**What is being asked**. A verbatim repeat of the lines below is required, with the pictures removed.

[Dataset section — start]

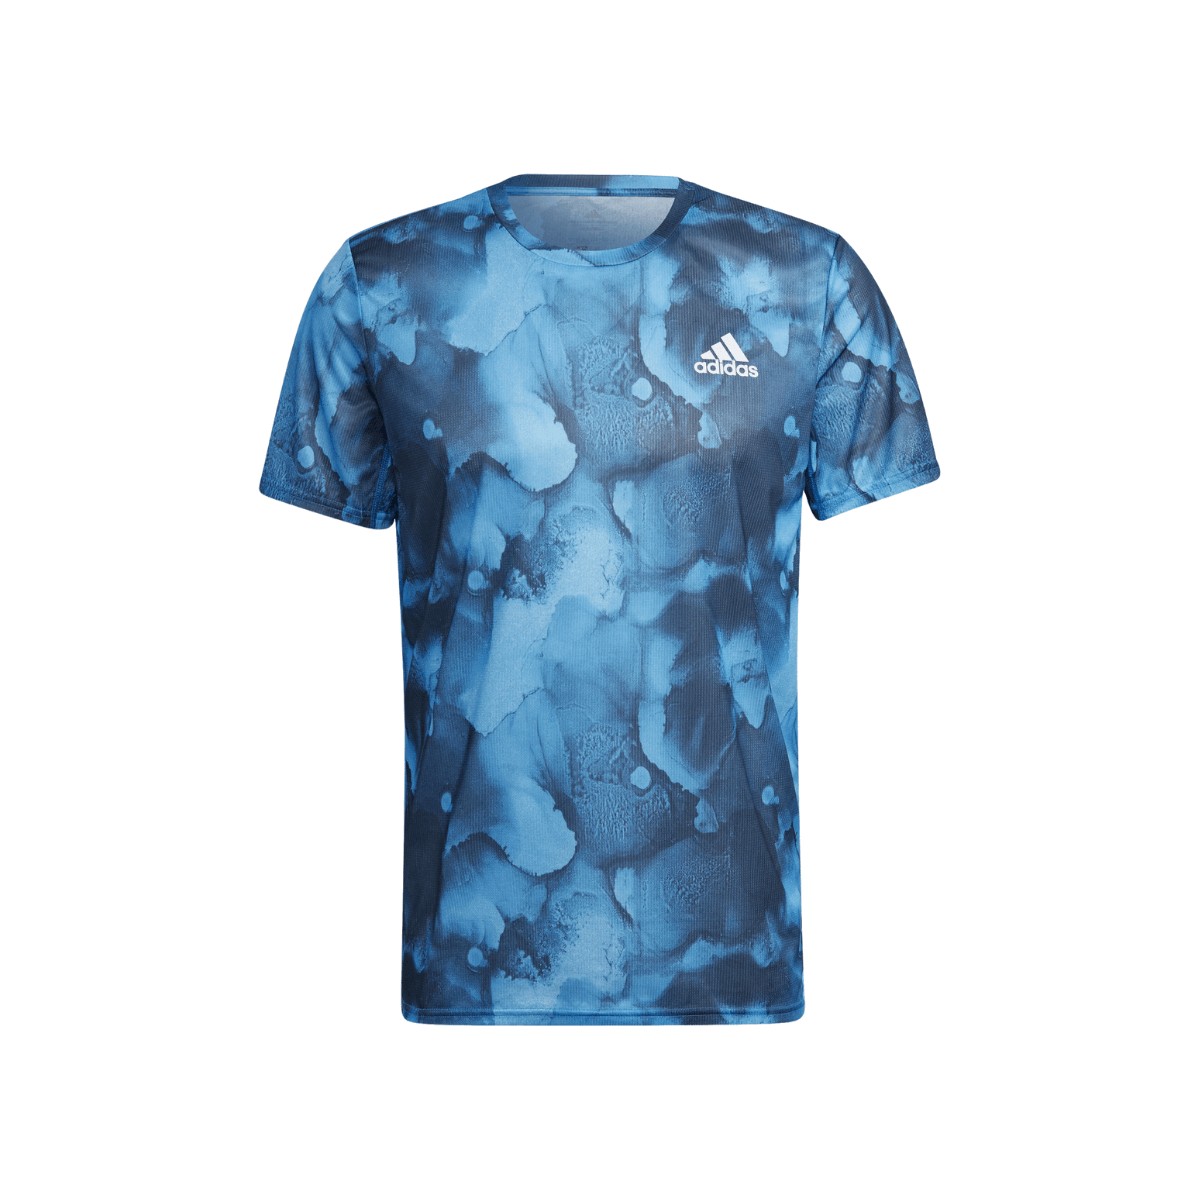 Camiseta Adidas Fast Graphic Blue Print, Tamanho S
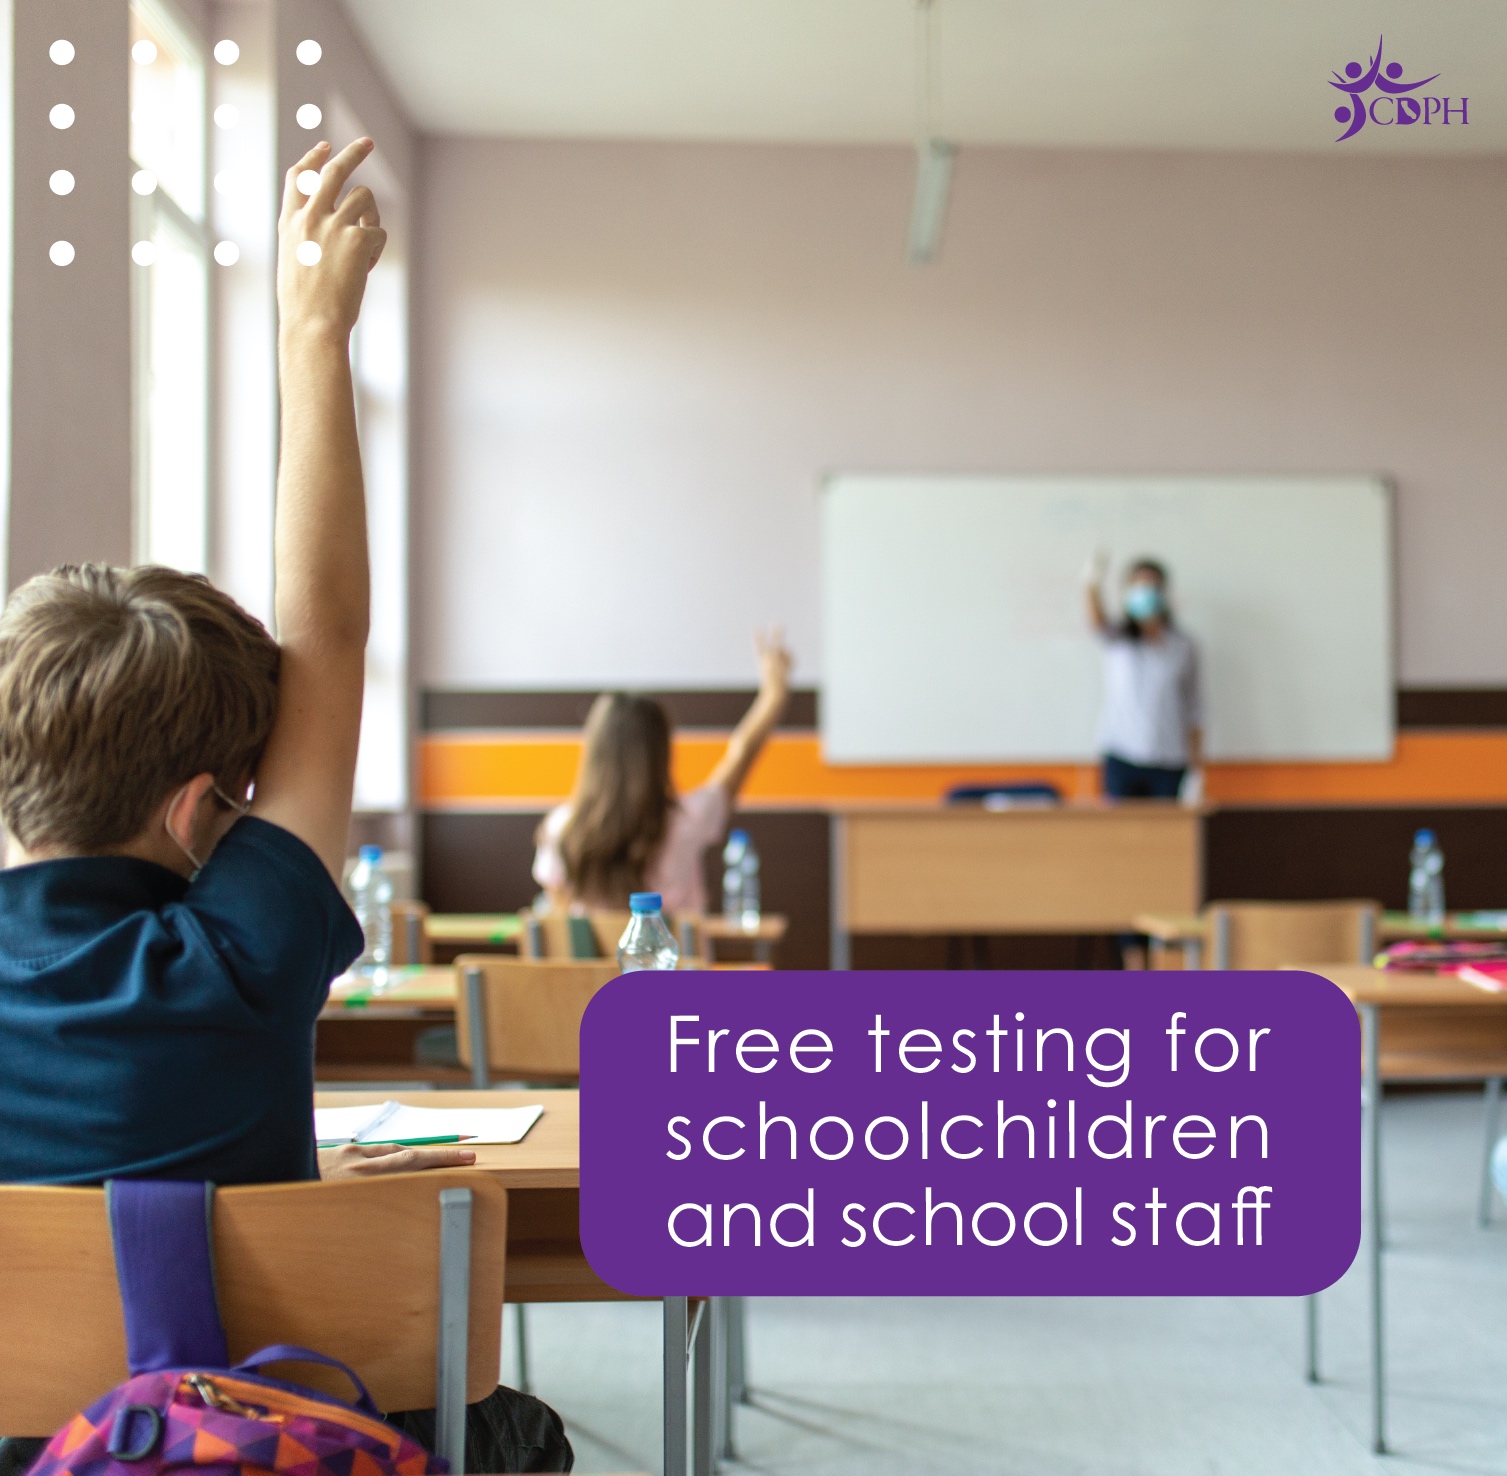 Free testing for schoolchildren and school staff
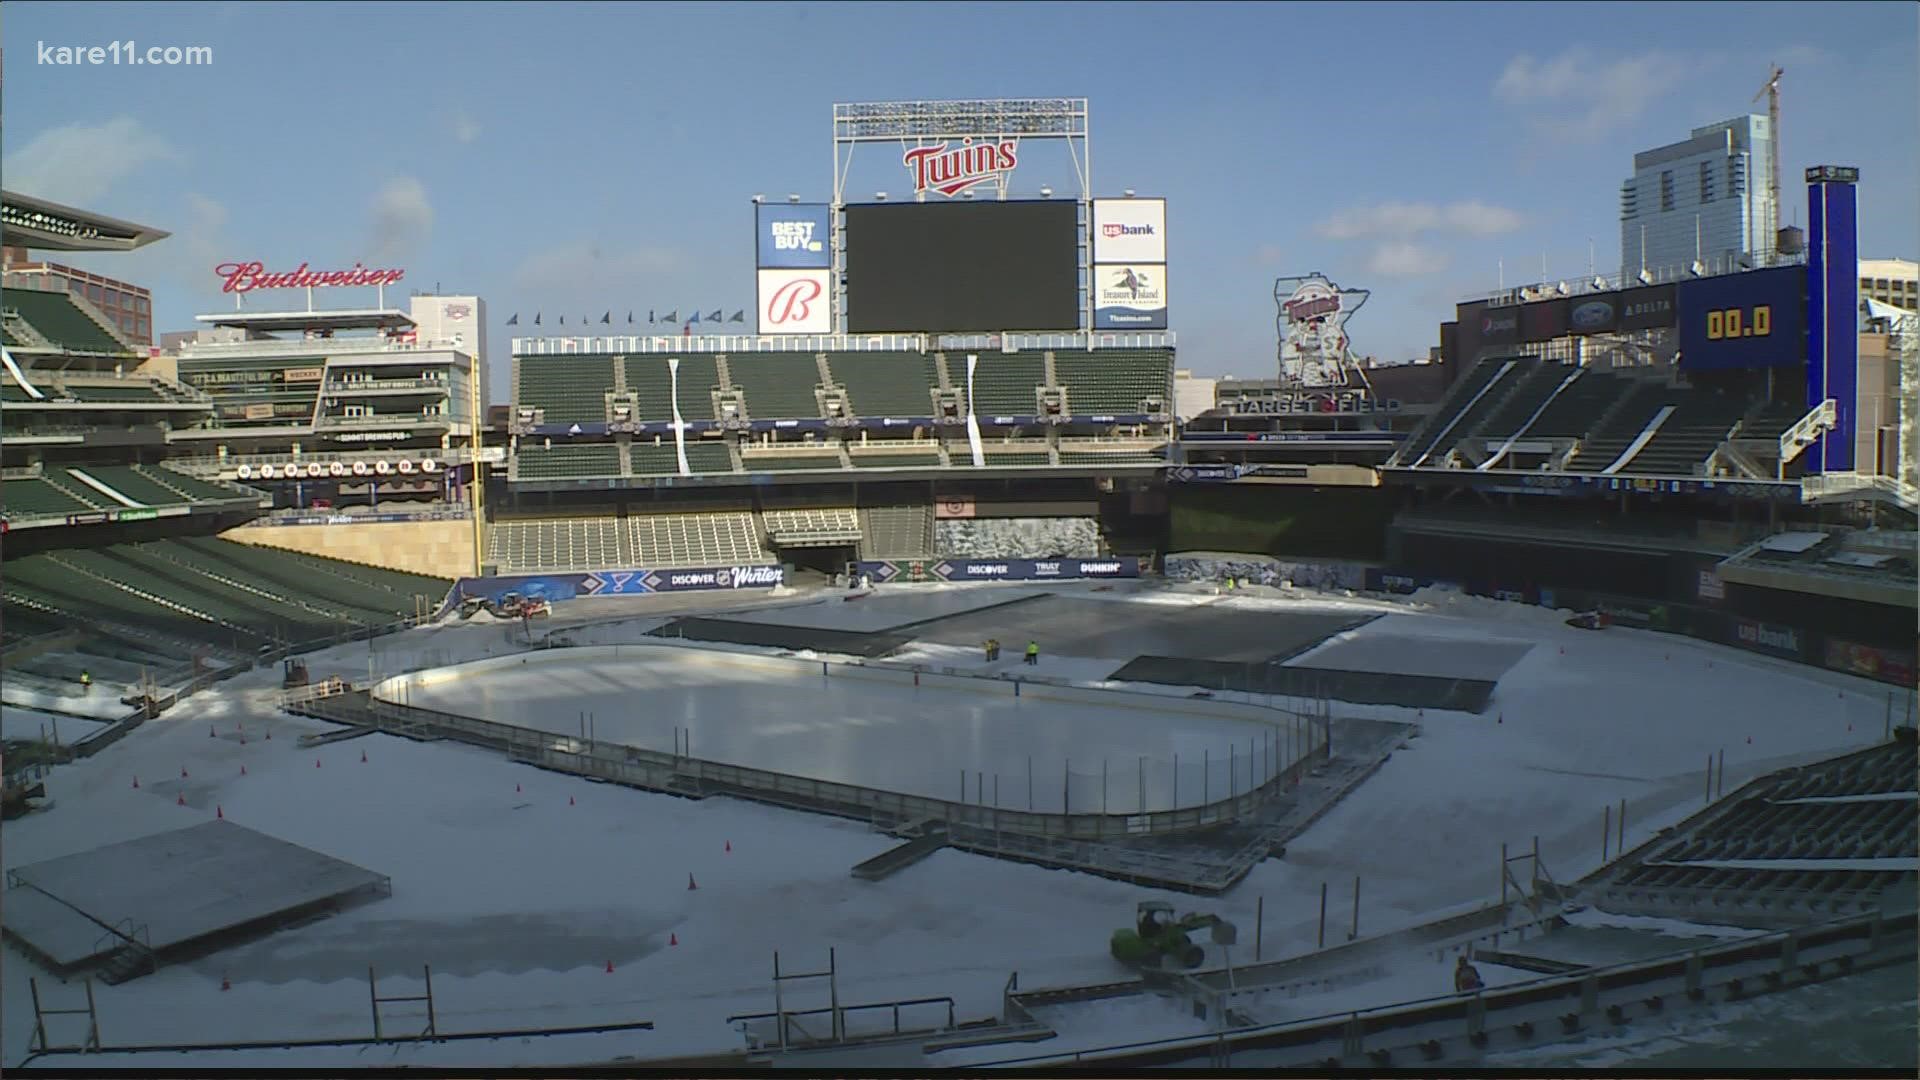 Minnesota's Target Field to host 2022 NHL Winter Classic
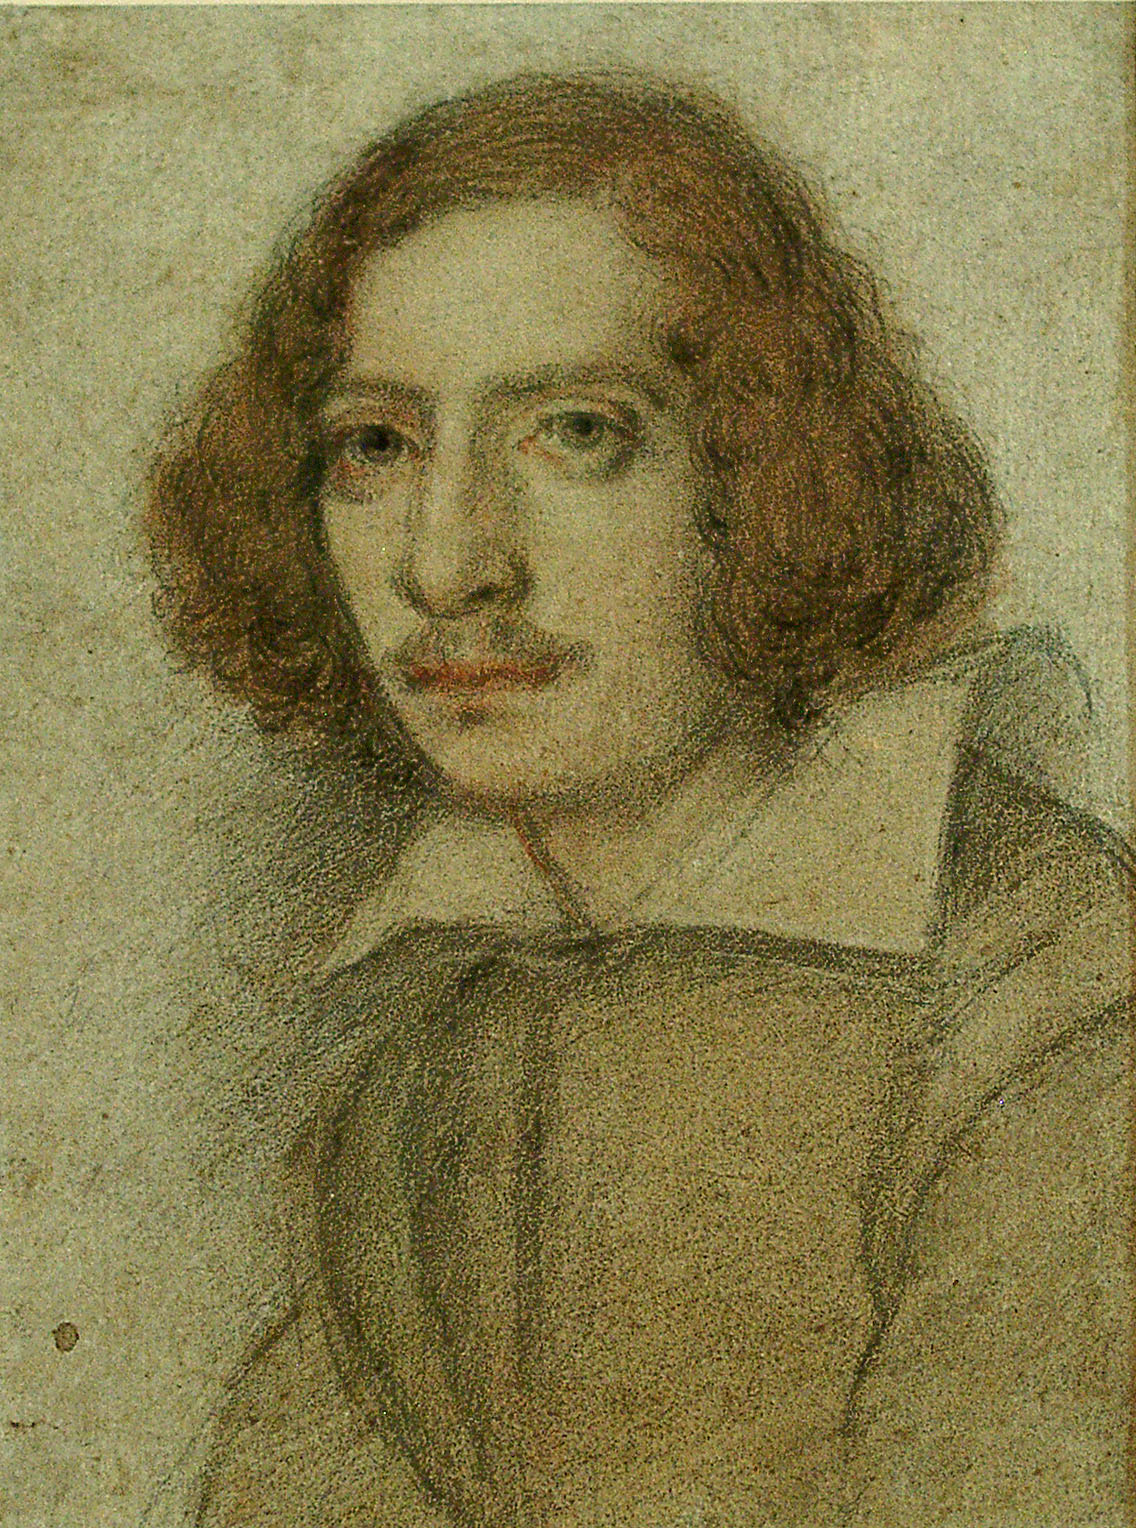 [GR001+-+Gianlorenzo+Bernini+-+1598-1680+-+Portrait+of+a+Man.jpg]

[Dataset section — finish]

**Solution**.
 Camiseta Adidas Fast Graphic Blue Print, Tamanho S
 Free testing for schoolchildren and school staff
 Minnesota's Target Field to host 2022 NHL Winter Classic
 [GR001+-+Gianlorenzo+Bernini+-+1598-1680+-+Portrait+of+a+Man.jpg]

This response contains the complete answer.